A new study by Riess et al seems to have confirmed that something, once again, is wrong with the BBT model.
https://iopscience.iop.org/article/10.3847/2041-8213/ad1ddd
Part of the problem lies with the earlier mistake made by him and others in their nobel prize winning paper of 1998. They realised back then that the lightcurves of distant SN1a were too “dim” to be explained by the BBT. So to get around this massive failure of their BBT model they added another pre-copernican fix to their preferred model of expansion. And called this fix ‘acceleration’.
What they failed to take into account is the fact that a non expanding model of the universe predicts that these distant SN1a will not have *time dilated* afterglow lightcurves. And thus the SN1a afterglow is predicted to appear to be fainter post peak fluence in a non expanding model than is predicted in an expanding model.
And...this is exactly what is observed in Riess et al’s 1998 data. Far from confirming the BBT with an added fix of acceleration, what they actually did was confirm the non expanding models predictions and proved that the universe isn’t expanding at all.

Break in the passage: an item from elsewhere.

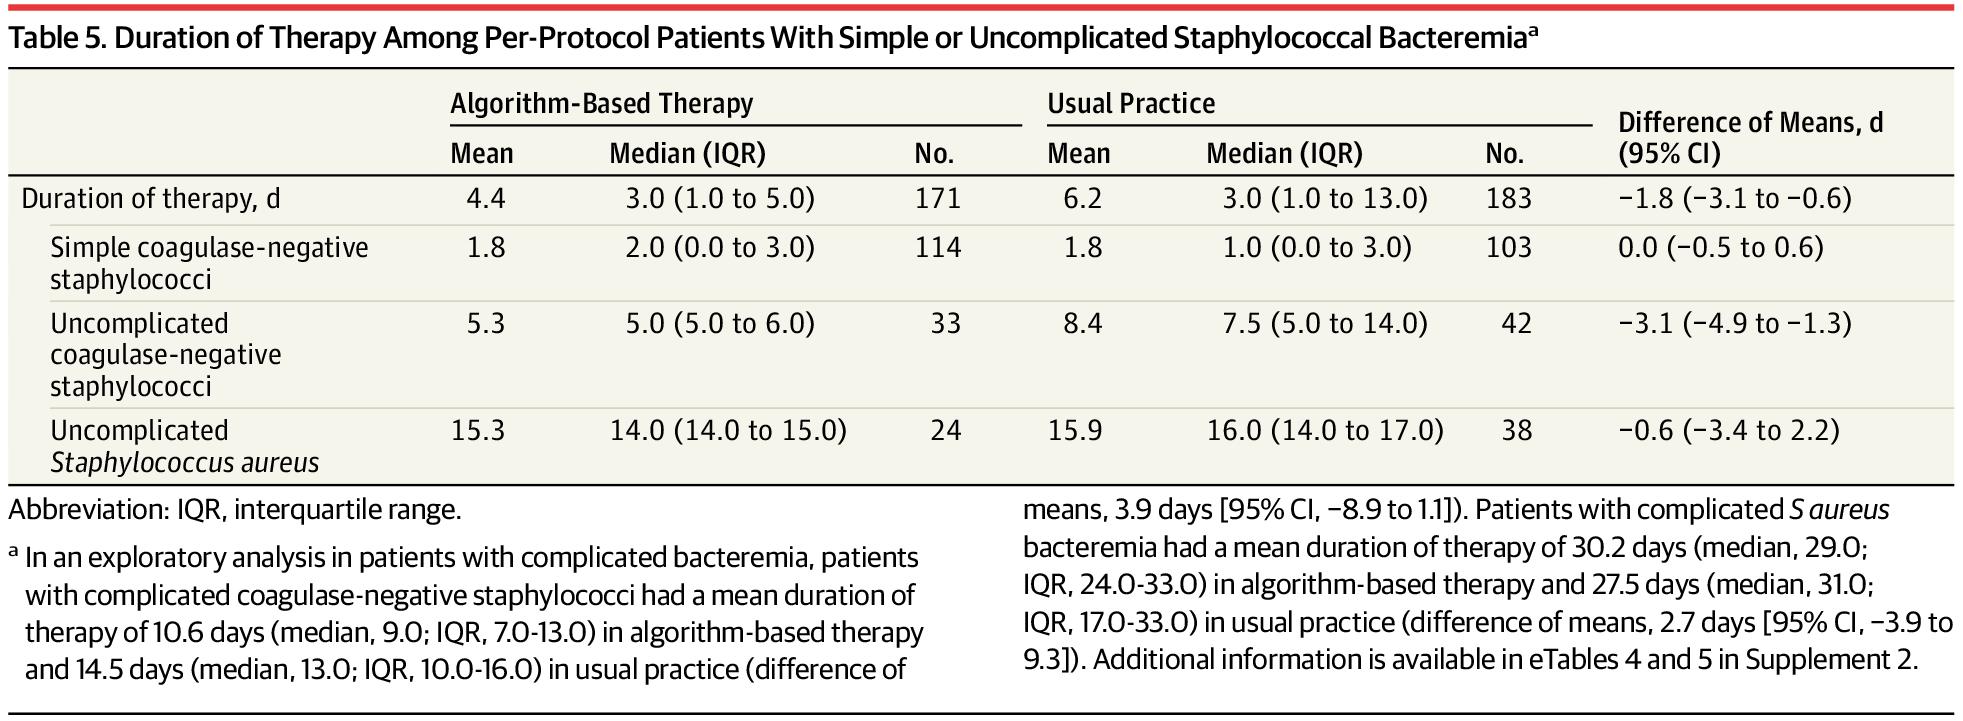 [JAMA最新论文]:基于方案治疗与常规治疗金黄色葡萄球菌菌血症的临床疗效与严重不良事件

And so now this failure to understand the data by Big Bang theorists in 1998 has come home to haunt them again. Riess has just confirmed once again that the BBT is a failed model. And that once again Riess’s data shows the universe isn’t expanding. Except this time he can’t think of an easy excuse. Although its apparent he still doesn’t blame the BBT model. And instead says that somehow there must be new physics. New fantasies to cover up old fantasies failures is what he really means.
It is worth pointing out here the oft repeated claim made by BBT supporters that SN1a lightcurves show time dilation and confirm the BBT model. When using chi^2 fitting methods to match observed SN1a data to theoretical time dilated templates . Knop et al 2003 being one example.

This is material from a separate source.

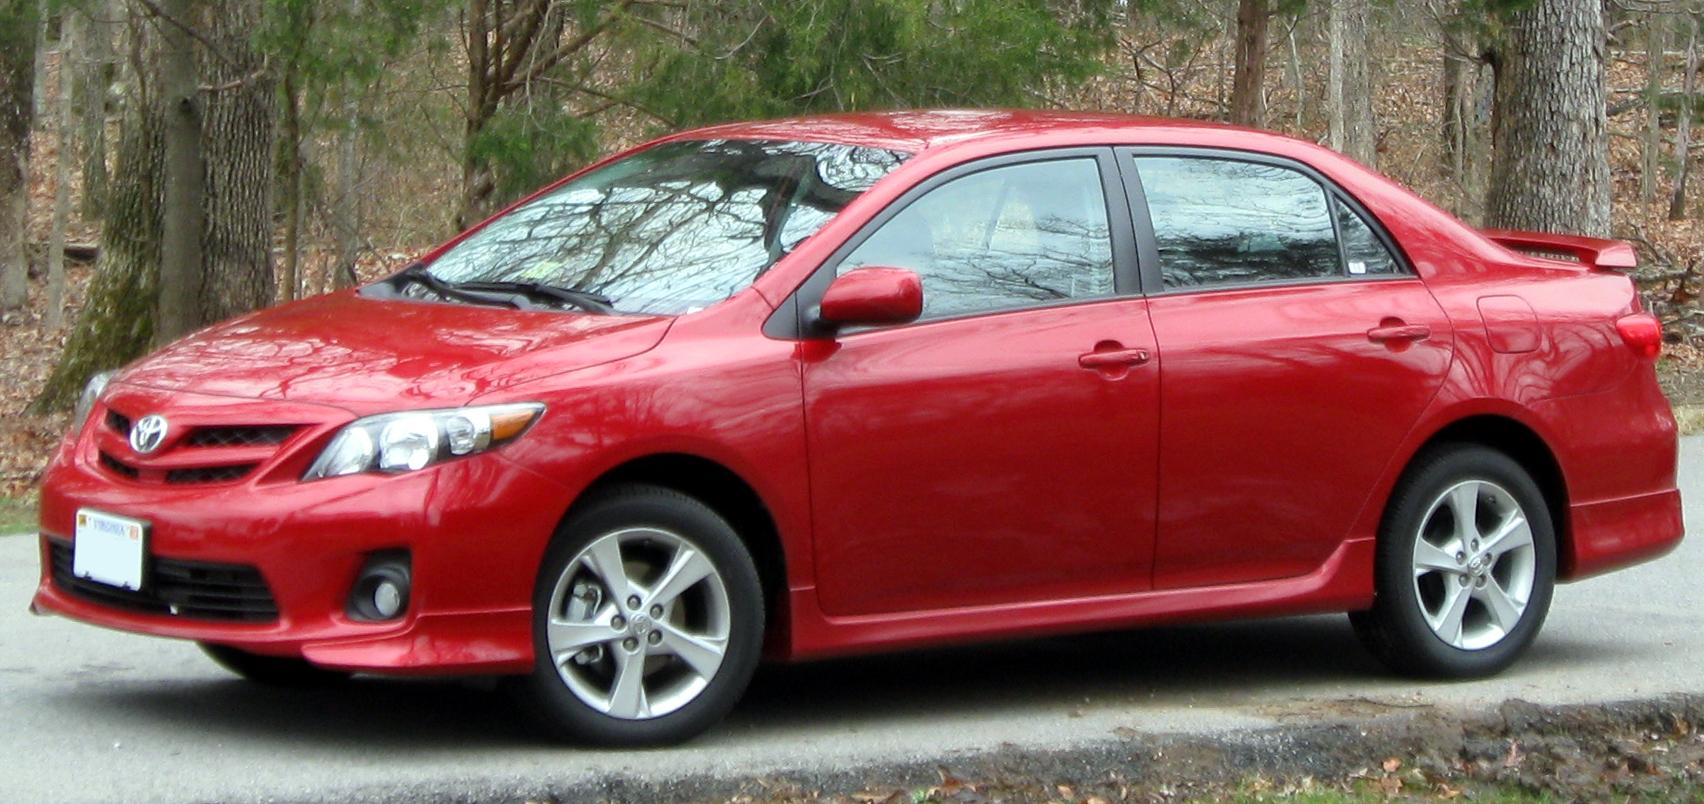 Description 2011 Toyota Corolla -- 04-09-2011.jpg

https://arxiv.org/abs/astro-ph/0309368
This claim is dubious at best. Because analysis like this fails to do a control test on the SN1a data to see if a chi ^2 match to *non dilated* lightcurve templates can give as good, or even a better match to that of time dilated templates.

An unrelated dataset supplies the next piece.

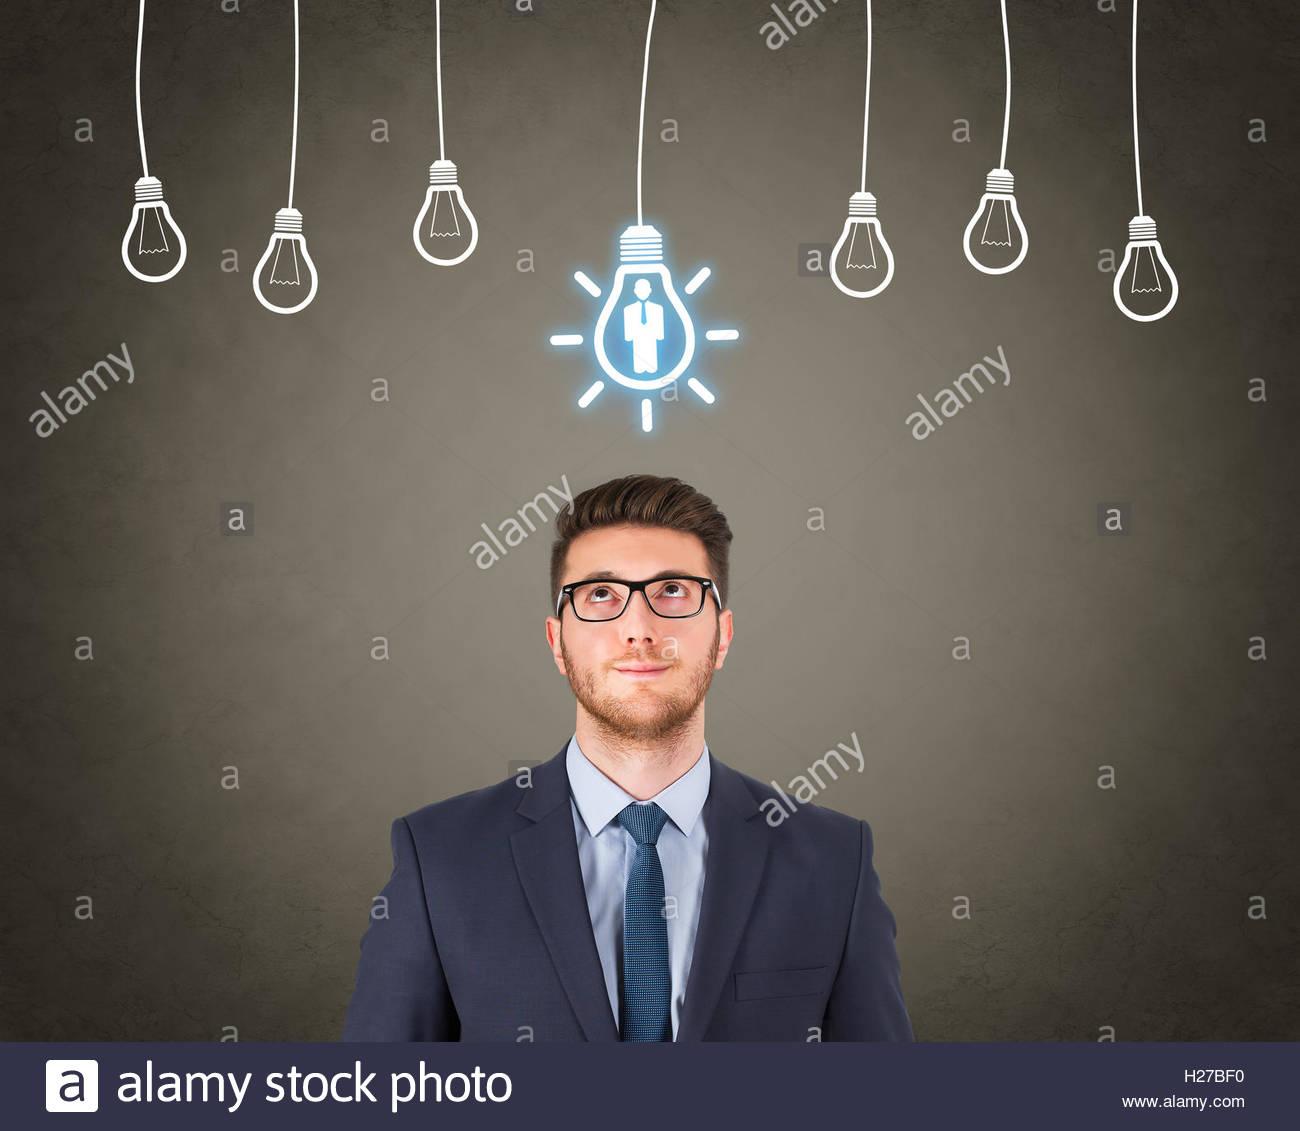 Brillante Idea de recursos humanos a lo largo de cabeza humana Imagen De Stock

And I have shown quite clearly in my blog page on supernova-light-curves-fit-non.html that yes in fact the same hi-red shifted SN1a data gives at least as good a match to non dilated templates as it does to BBT inspired theoretical time dilated lightcurves. If not better. Considering that to make the SN1a data fit the dilated lightcurve templates, Knop had to arbitrarily fiddle the individual Hubble Space Telescope datapoints by as much as 15 % in luminosity to make a good fit to the expanding BBT models theoretical lightcurve templates.